• Information supplied:
- - - -

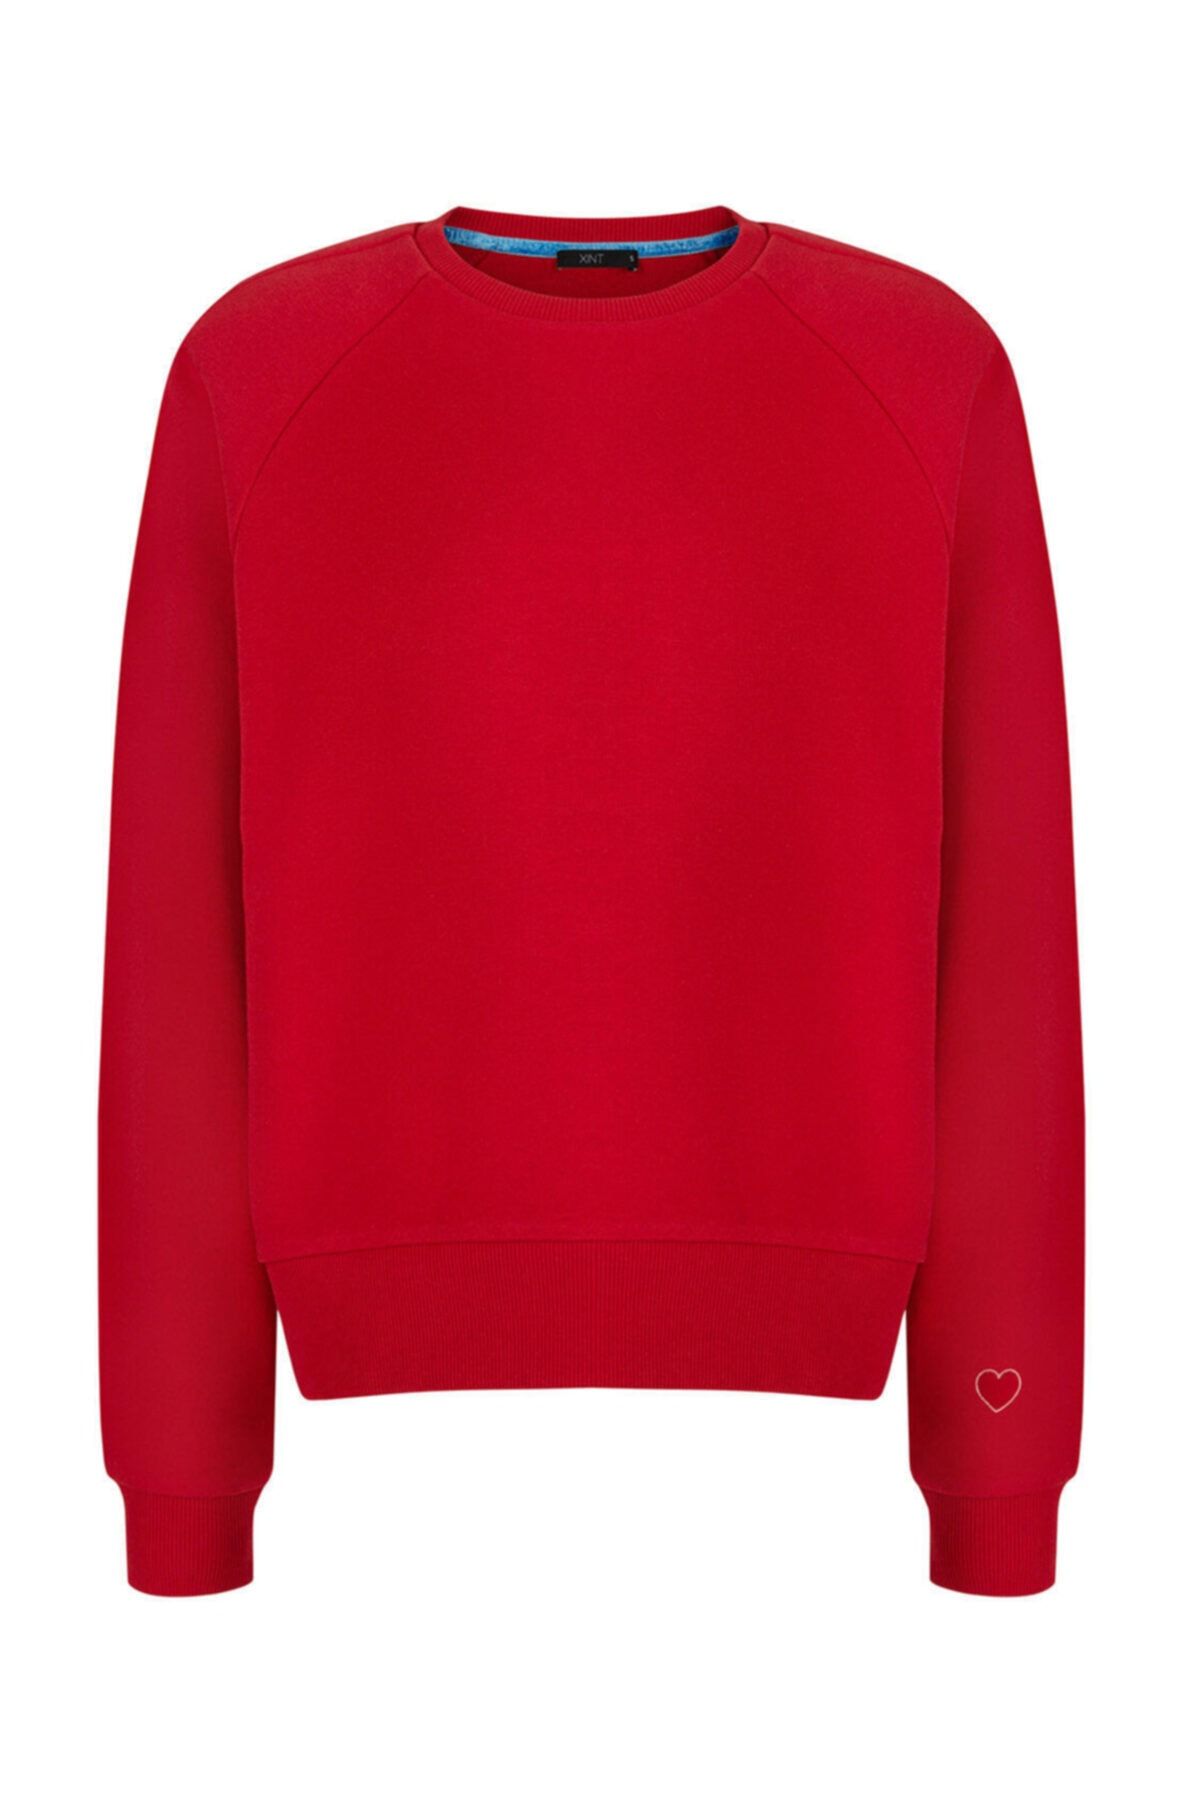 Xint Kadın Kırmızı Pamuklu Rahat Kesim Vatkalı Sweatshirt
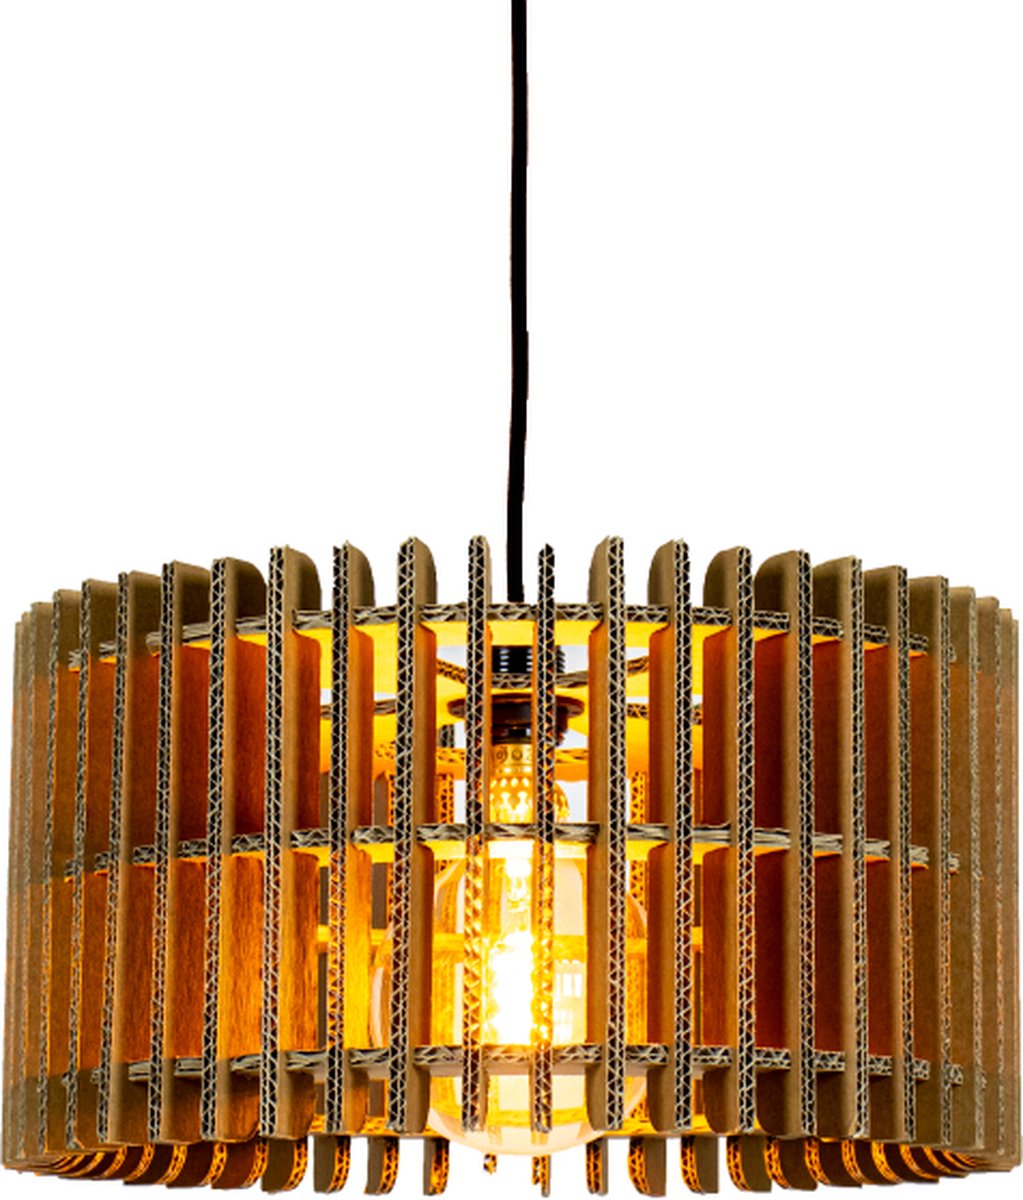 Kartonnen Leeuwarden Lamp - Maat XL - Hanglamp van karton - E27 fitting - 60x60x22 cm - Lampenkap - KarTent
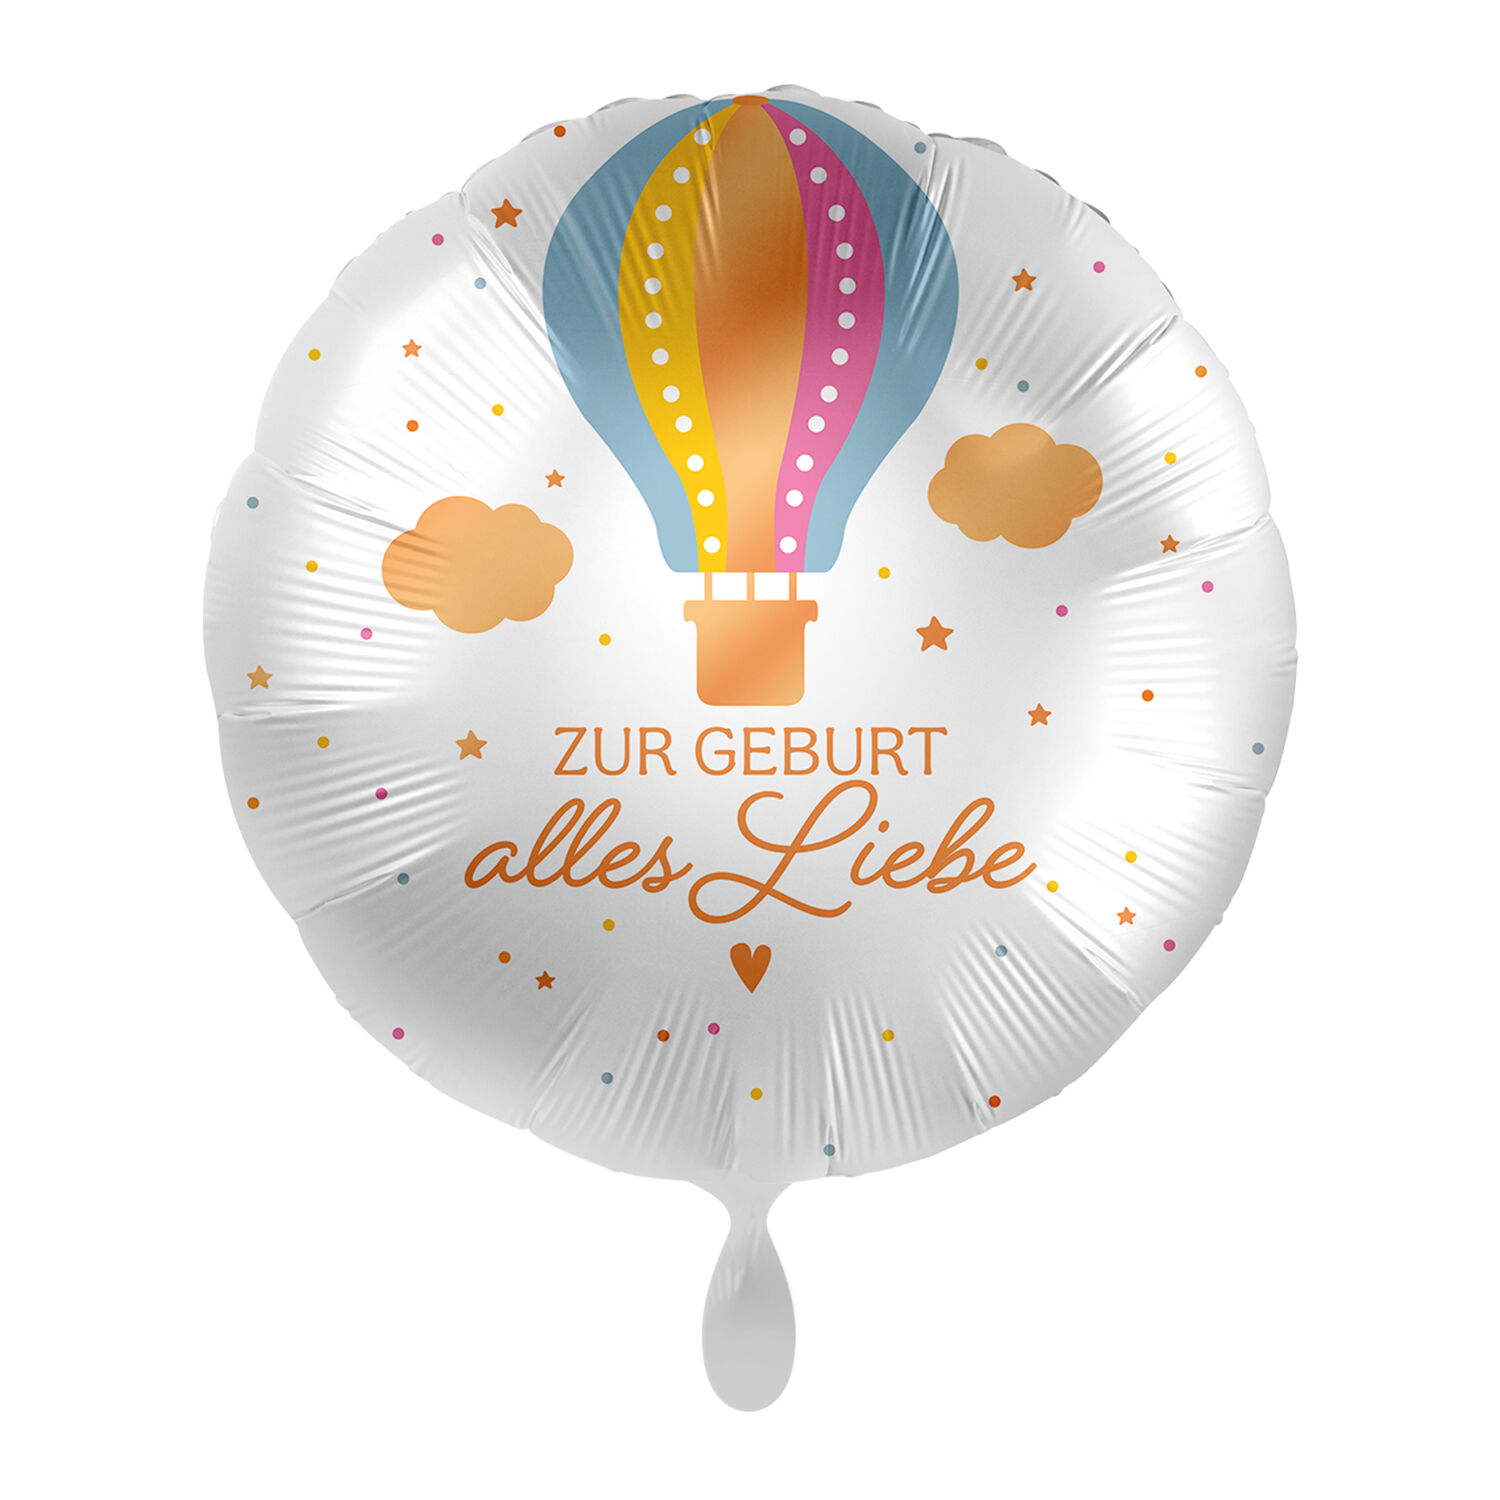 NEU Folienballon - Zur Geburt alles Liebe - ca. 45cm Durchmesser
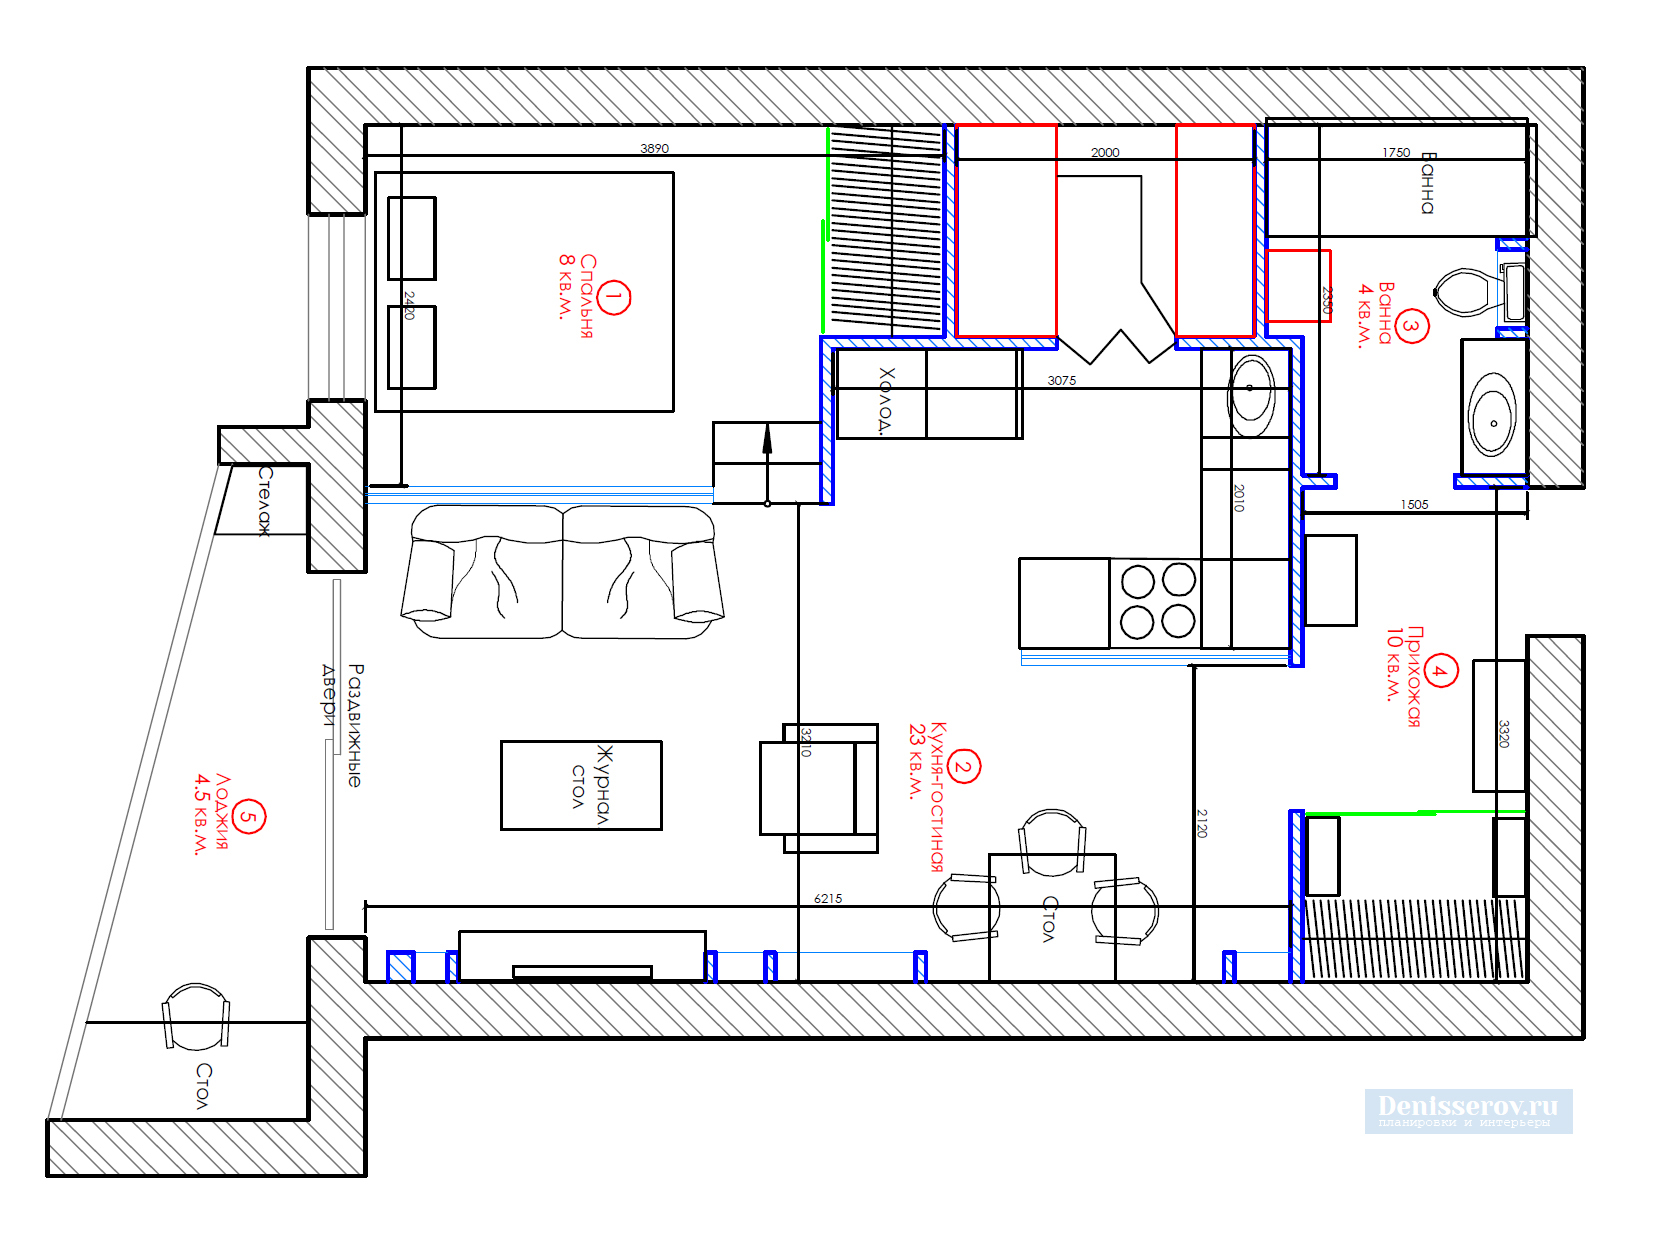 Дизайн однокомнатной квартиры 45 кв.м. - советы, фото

- - - -

• Problem details: Please set down each line of the data above exactly as written, without the pictures.

• Exercise result:
 Xint Kadın Kırmızı Pamuklu Rahat Kesim Vatkalı Sweatshirt
 Kartonnen Leeuwarden Lamp - Maat XL - Hanglamp van karton - E27 fitting - 60x60x22 cm - Lampenkap - KarTent
 NEU Folienballon - Zur Geburt alles Liebe - ca. 45cm Durchmesser
 Дизайн однокомнатной квартиры 45 кв.м. - советы, фото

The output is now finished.